Dress jokes
Why should you always knock on the fridge door before opening it?
The salad could be dressing!
Yo mama's so fat, when she went to the beach in a blue dress, everyone screamed "tsunami!"
So, me and my friend dressed as dead people for Halloween. The only difference in the costume was that he was actually dead.
What is the difference between a nicely dressed man on a tricycle and a poorly dressed man on a bicycle?
A tire.
(A tire as in clothes and the tire? U get it? No? I'm lonely. Add me on Xbox: DECIMUS PAX)
1. Why did the scarecrow win an award? Because he was outstanding in his field.
2. Why did the melon jump into the lake? It wanted to be a water-melon.
3. What did the duck say when it bought lipstick? “Put it on my bill.”
4. What do you call a pig that does karate? A pork chop.
5. What has a bed that you can’t sleep in? A river.
6. Why were the teacher’s eyes crossed? She couldn’t control her pupils.
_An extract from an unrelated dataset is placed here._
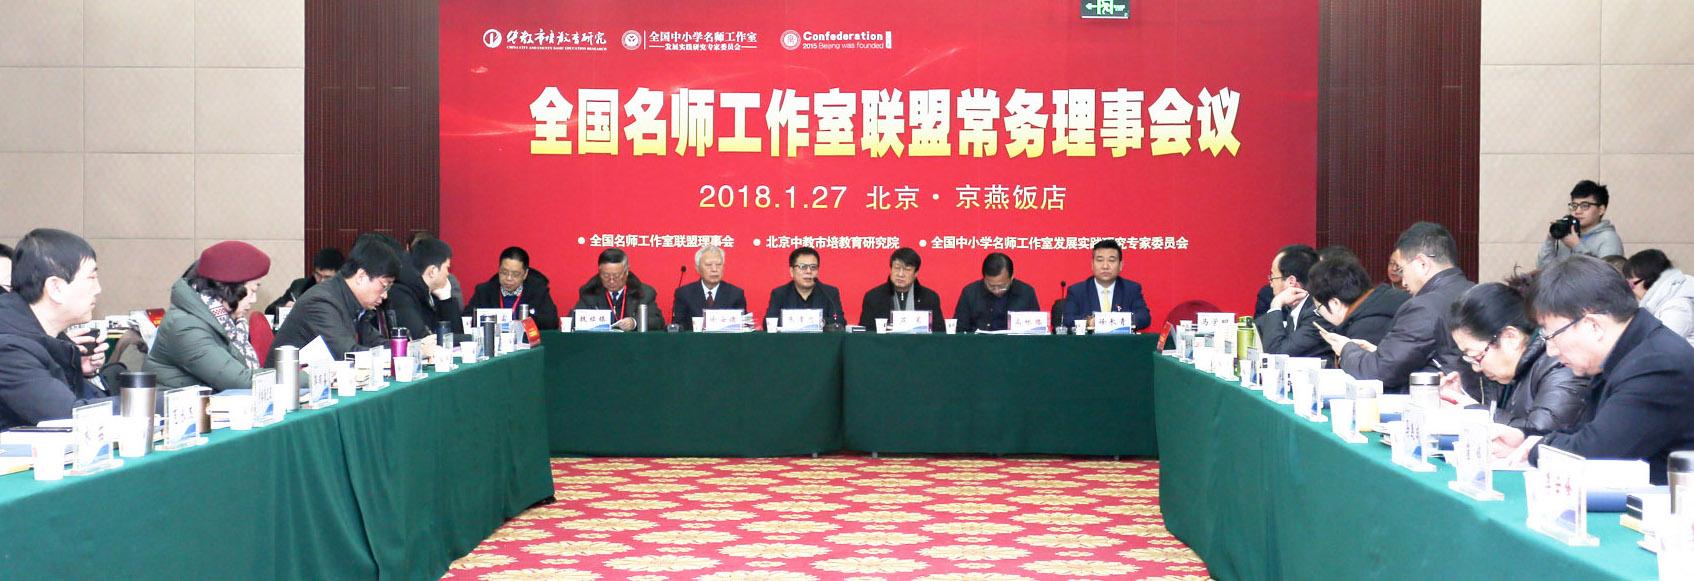 2018年1月27-28日,全国名师工作室联盟理事会常务理事会议暨全国名师工作室主持人高端研修班在北京京燕饭店隆重召开。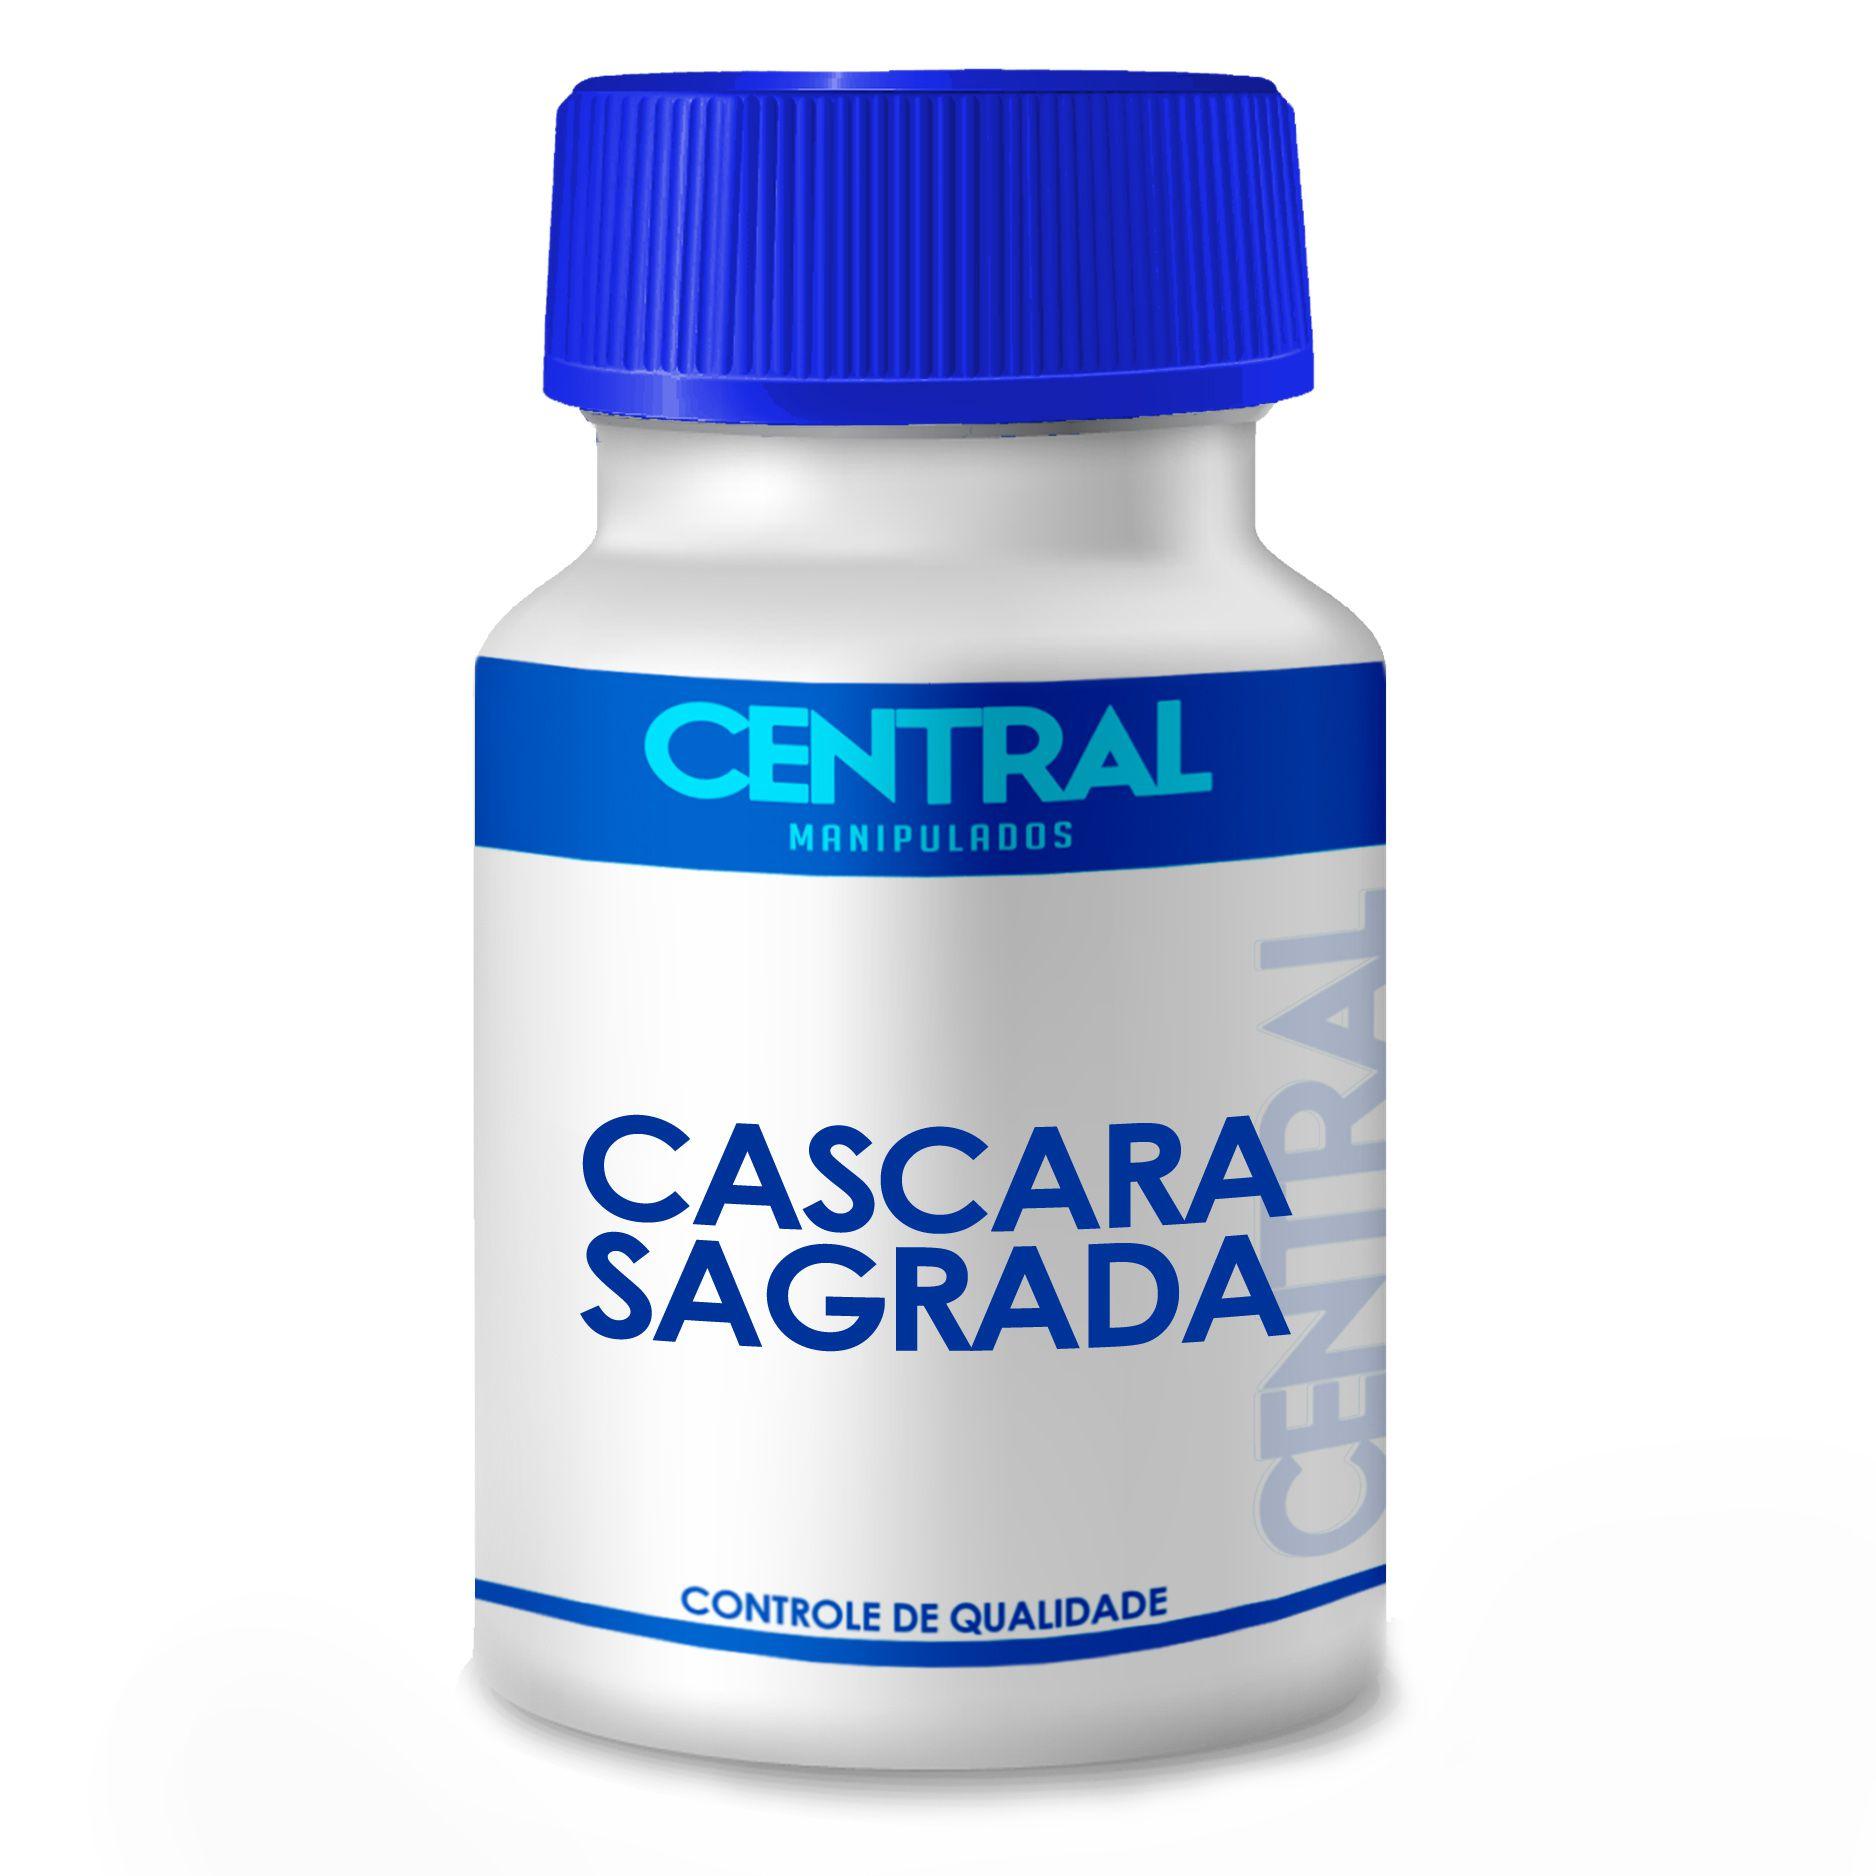 Cascara Sagrada - Melhora o funcionamento intestinal - 75mg 60 cápsulas

7. What starts with E, ends with E, and has only 1 letter in it? An Envelope.
8. How does the ocean say hello? It waves.
9. What lights up a soccer stadium? A soccer match.
10. What creature is smarter than a talking parrot? A spelling bee.
11. Which U.S. state has the smallest soft drinks? Minnesota (as in, “mini-soda”).
12. Why couldn’t the leopard play hide and seek? Because he was always spotted.
13. Apparently, you can’t use “beef stew” as a password. It’s not stroganoff.
14. Why did the drum take a nap? It was beat.
15. Where do hamburgers go dancing? They go to the meat-ball.
16. Why did the tomato turn red? It saw the salad dressing.
17. Why shouldn’t you write with a broken pencil? Because it’s pointless.
Yo mama is so fat that when she put on a yellow dress, people called her "taxi."
Emos are weird to me because they dress up all black, and you know I don't like that, so that's why I don't like it.
Did you know Princess Diana's last dress she wore was white? But afterwards, it was red.
What kind of dress does a Roblox Floppa house have?
"ADDRESS!"
A man goes for a pee in a haunted house.
He unzips his pants at the urinal when a man dressed as a goblin chuckles next to him. "You got a small dick, buddy," the man says to him.
Me: What did my sister do when she dressed up as Elsa and I gave her a balloon?
You: What?
Me: She let it go, let it go!
Why was the rapper always well-dressed?
Because he knew the importance of FLOW in FASHION.
My mom told me to get dressed, and I said, "For what? Are we going to the rodeo?"
Why did a cop in the 1960s cross the road? To arrest a faggot for cross-dressing.
Ever since convicted New York State felon Donald John Trump has taken office, the Canada-US border has been a mess of tariffs, counter-tariffs and boycotts.
And where does it end? I just got served a salad with 500 Islands in the dressing instead of a thousand. The price was the same.
There were two friends talking one day. Tim tells John, "I think I'm gay."
John says to Tim, "What do you mean?"
Tim says, "When I grow up, I want to dress like a woman and sing karaoke in a bar and call myself (Gillette the best a man can get)!"
John says to Tim, "I think you're right, and thanks for reminding me I need to buy razors."
Yesterday I went to a party at my friend’s house. Everyone was dressed as birthday candles. It was a blowout.
I was watching the London Marathon one year, and I saw two runners in costumes. One of them was dressed a chicken and the other dressed as an egg. I thought: "This'll be interesting."
I just went to a Halloween party for rappers and rap DJs from the Czech Republic, and everyone was dressed in the same costume! I couldn't tell which witch was Wich!
Mom: Do I look fat in my dress?
Child: Nah... you look fat in every dress!